- Thread Author
- #1
Bitcoin futures trading involves trading futures contracts, so we don't need to own actual Bitcoin. We simply speculate on future Bitcoin price movements by opening long or short positions. This trading strategy also offers leverage, which can potentially generate larger profits, but also carries greater risk.
However, when entering Bitcoin futures trading, we need to consider several factors, such as:
1. The crypto exchange must be able to execute orders in a timely, fast, and accurate manner; prices must align with market prices.
2. Spreads: When spreads are tight, traders should buy and sell at prices closest to the market.
3. Ideally, the exchange should have standard, transparent, and low fees. There are some common fees, such as deposit and withdrawal fees, and maker/taker fees.
4. There are many other factors to consider when choosing a crypto exchange, such as security, perpetual funds, margin requirements, trading interface, exchange reputation, margin requirements, etc.
In my opinion, some of the best crypto exchanges for Bitcoin futures trading include: Binance, Bybit, BYDFi, Coinbase, Kraken, and OKEx.
However, when entering Bitcoin futures trading, we need to consider several factors, such as:
1. The crypto exchange must be able to execute orders in a timely, fast, and accurate manner; prices must align with market prices.

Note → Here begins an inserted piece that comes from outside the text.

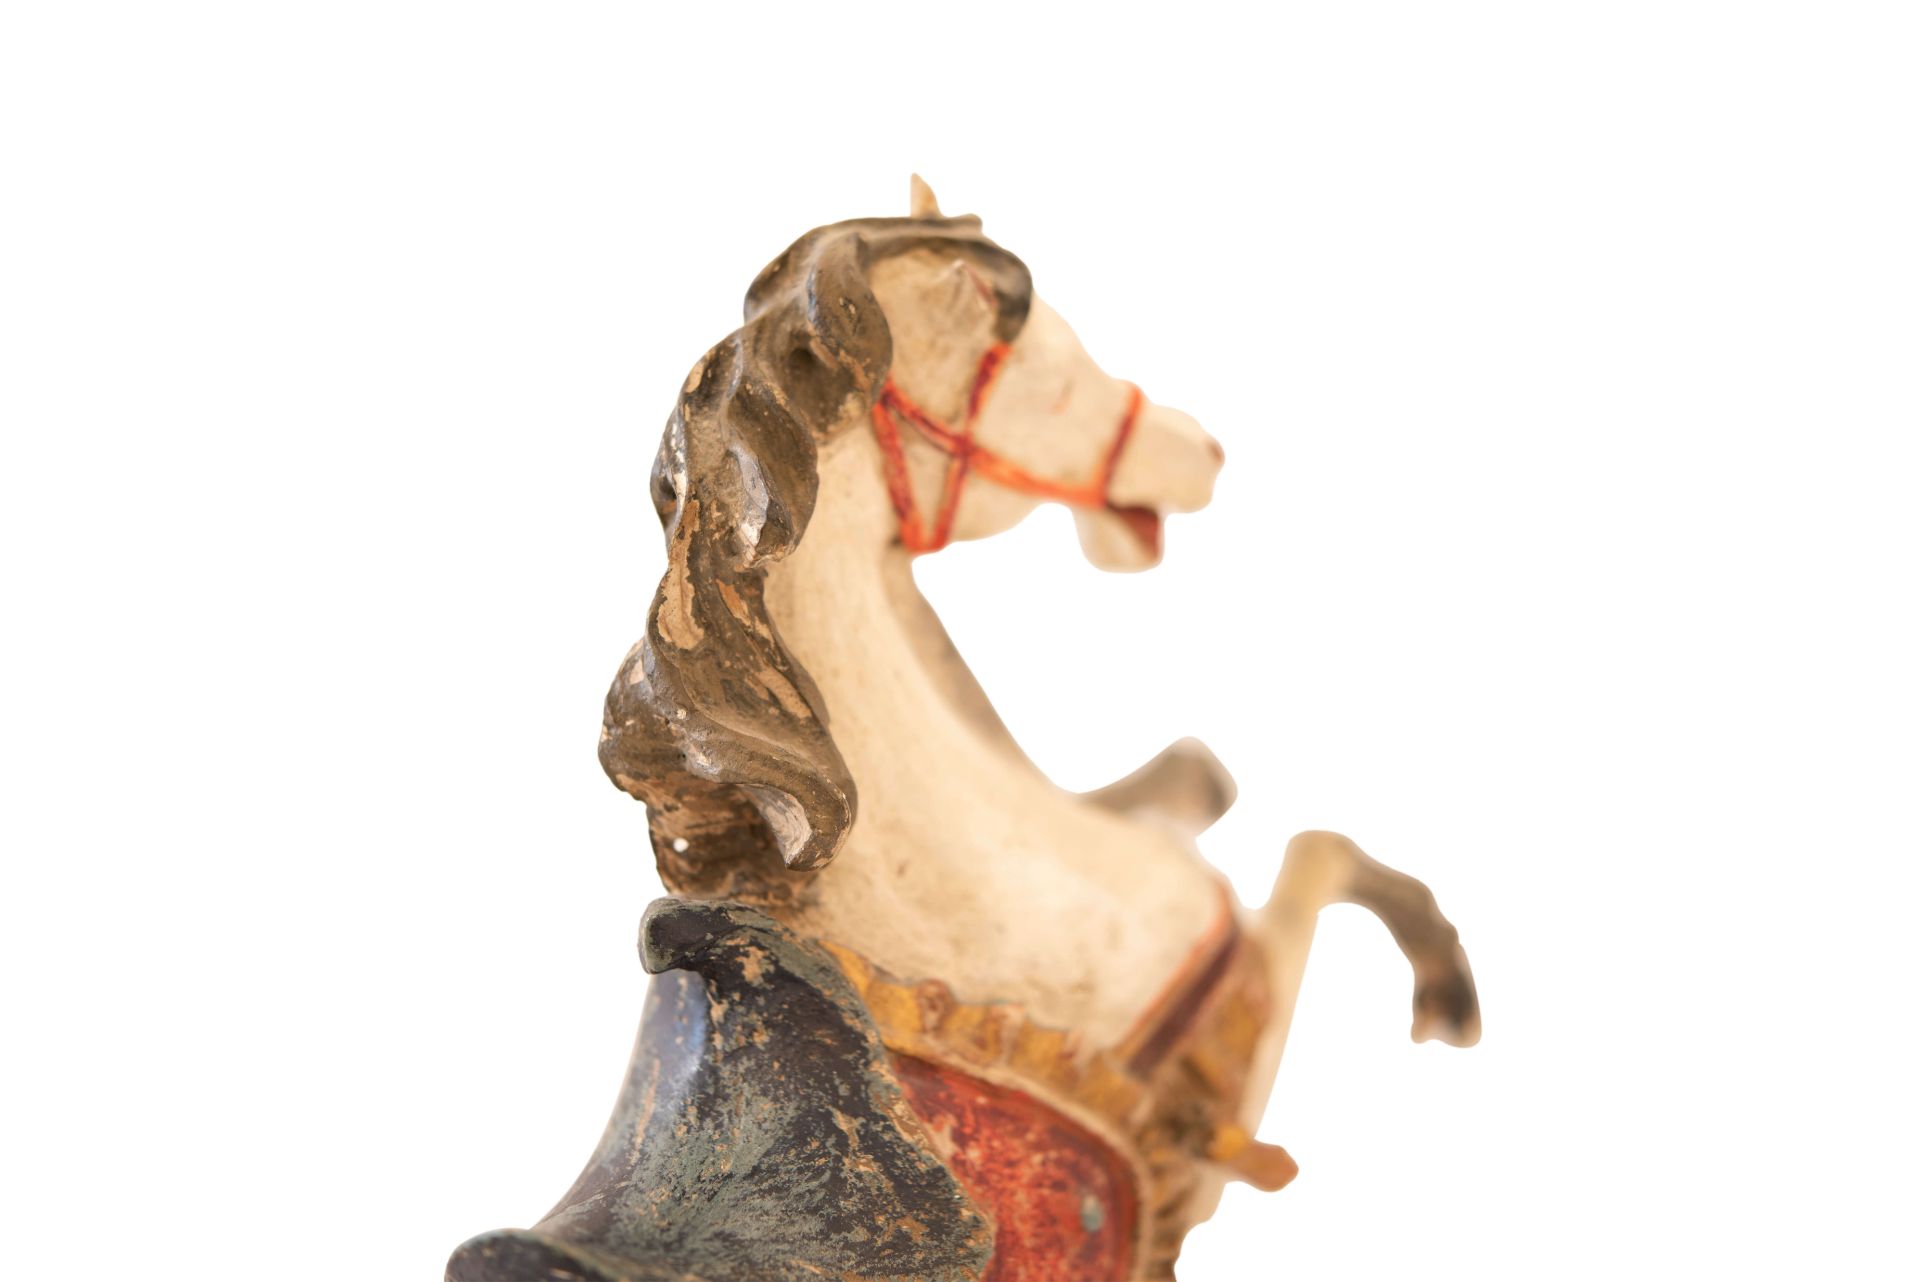 Holzpferd auf Plinthe |Wooden Horse on Plinth - Image 5 of 5
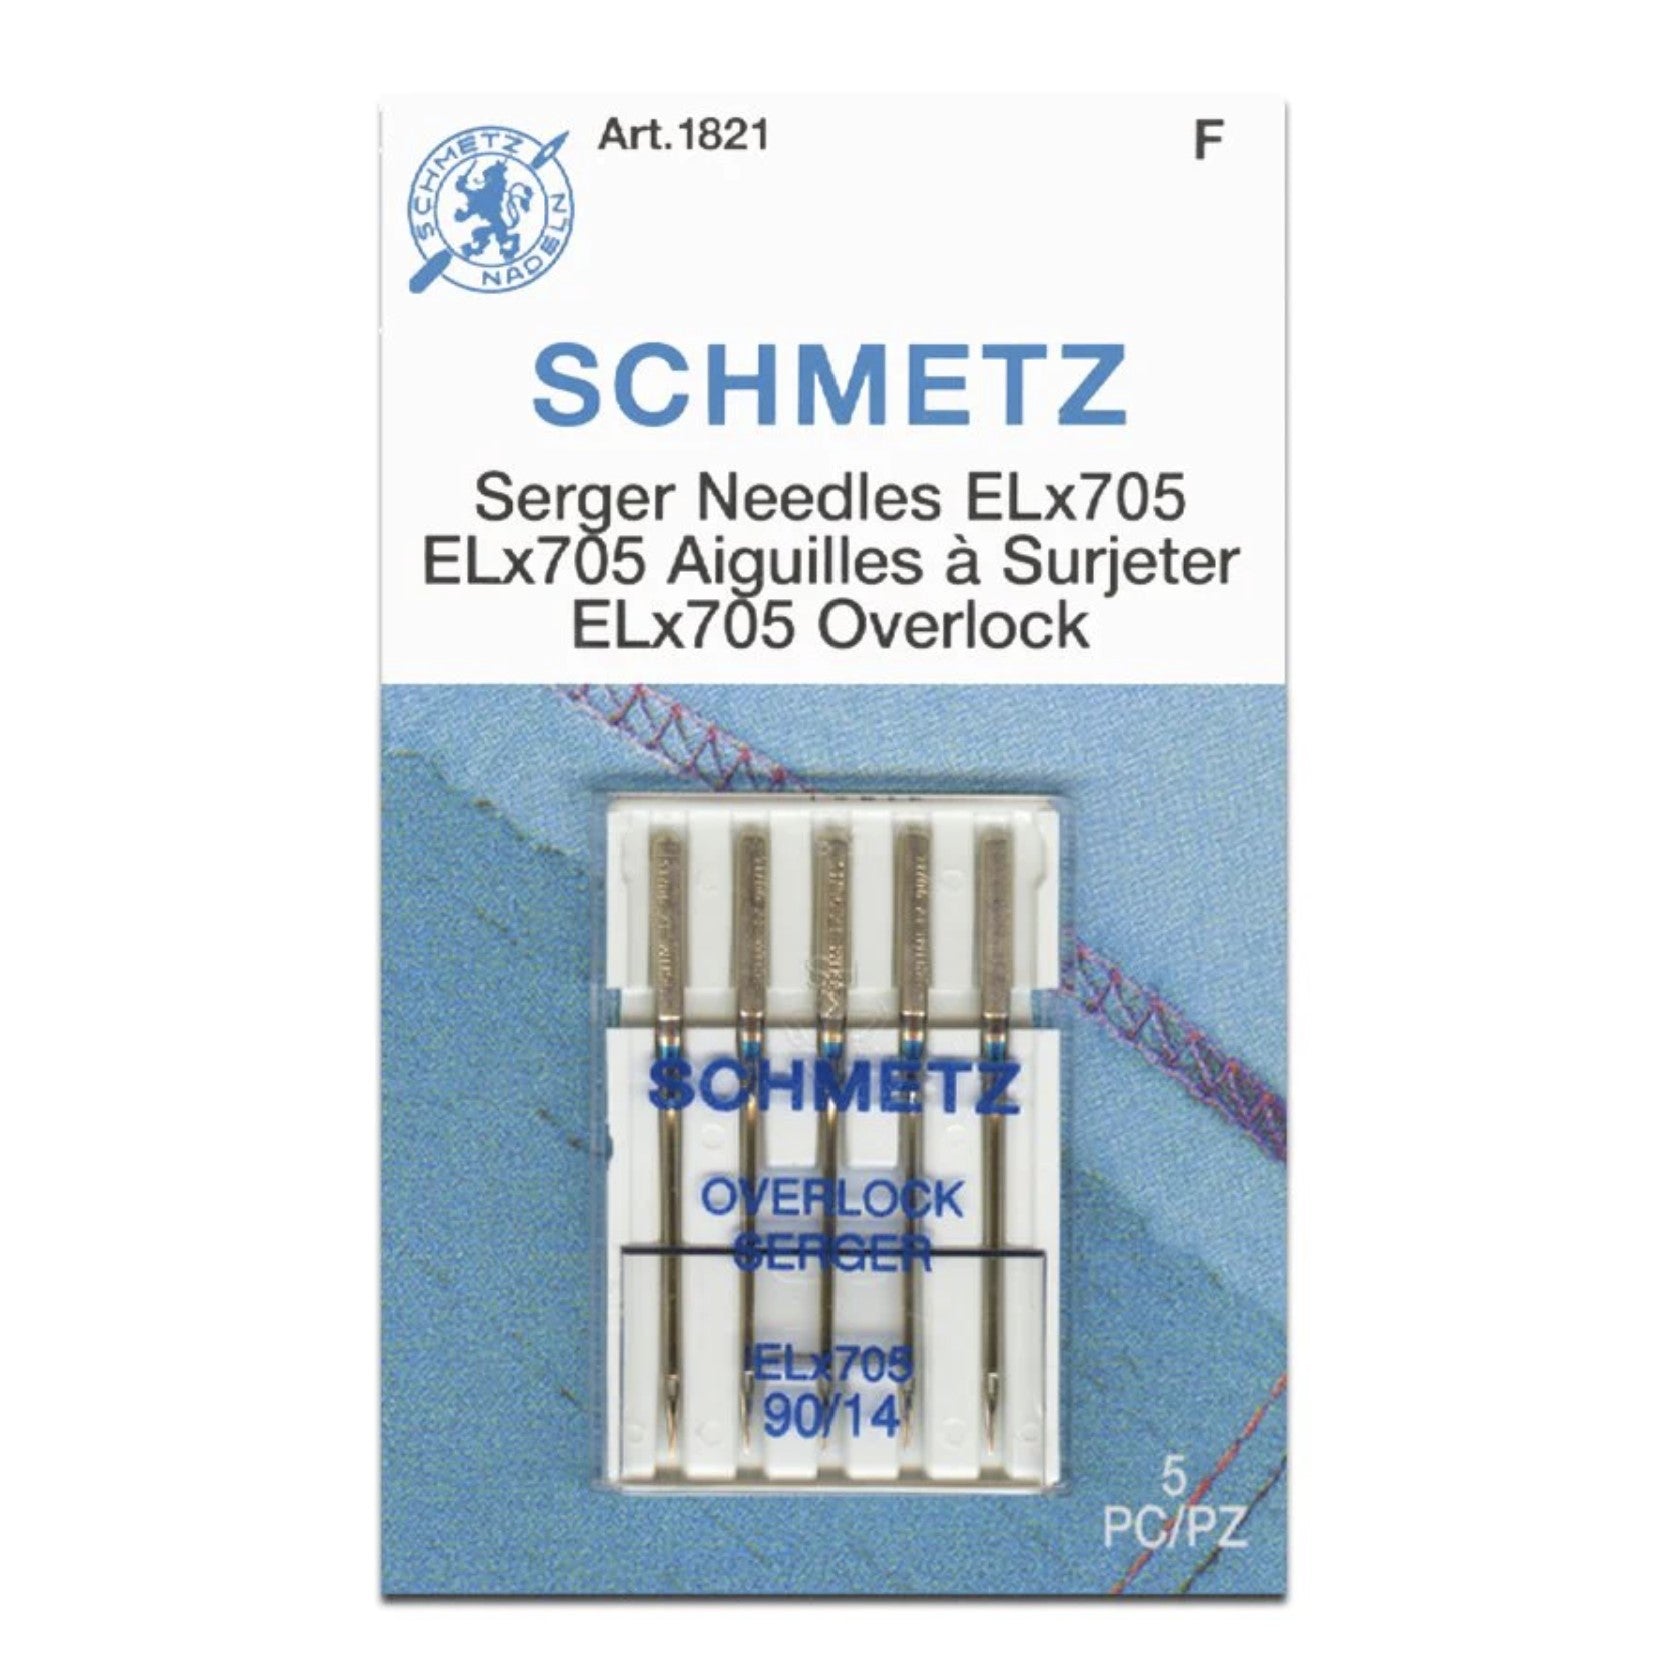 Serger / Overlock -- Machine Needles (ELx705), Various Sizes by Schmetz®

2. Spreads: When spreads are tight, traders should buy and sell at prices closest to the market.
3. Ideally, the exchange should have standard, transparent, and low fees. There are some common fees, such as deposit and withdrawal fees, and maker/taker fees.
4. There are many other factors to consider when choosing a crypto exchange, such as security, perpetual funds, margin requirements, trading interface, exchange reputation, margin requirements, etc.
In my opinion, some of the best crypto exchanges for Bitcoin futures trading include: Binance, Bybit, BYDFi, Coinbase, Kraken, and OKEx.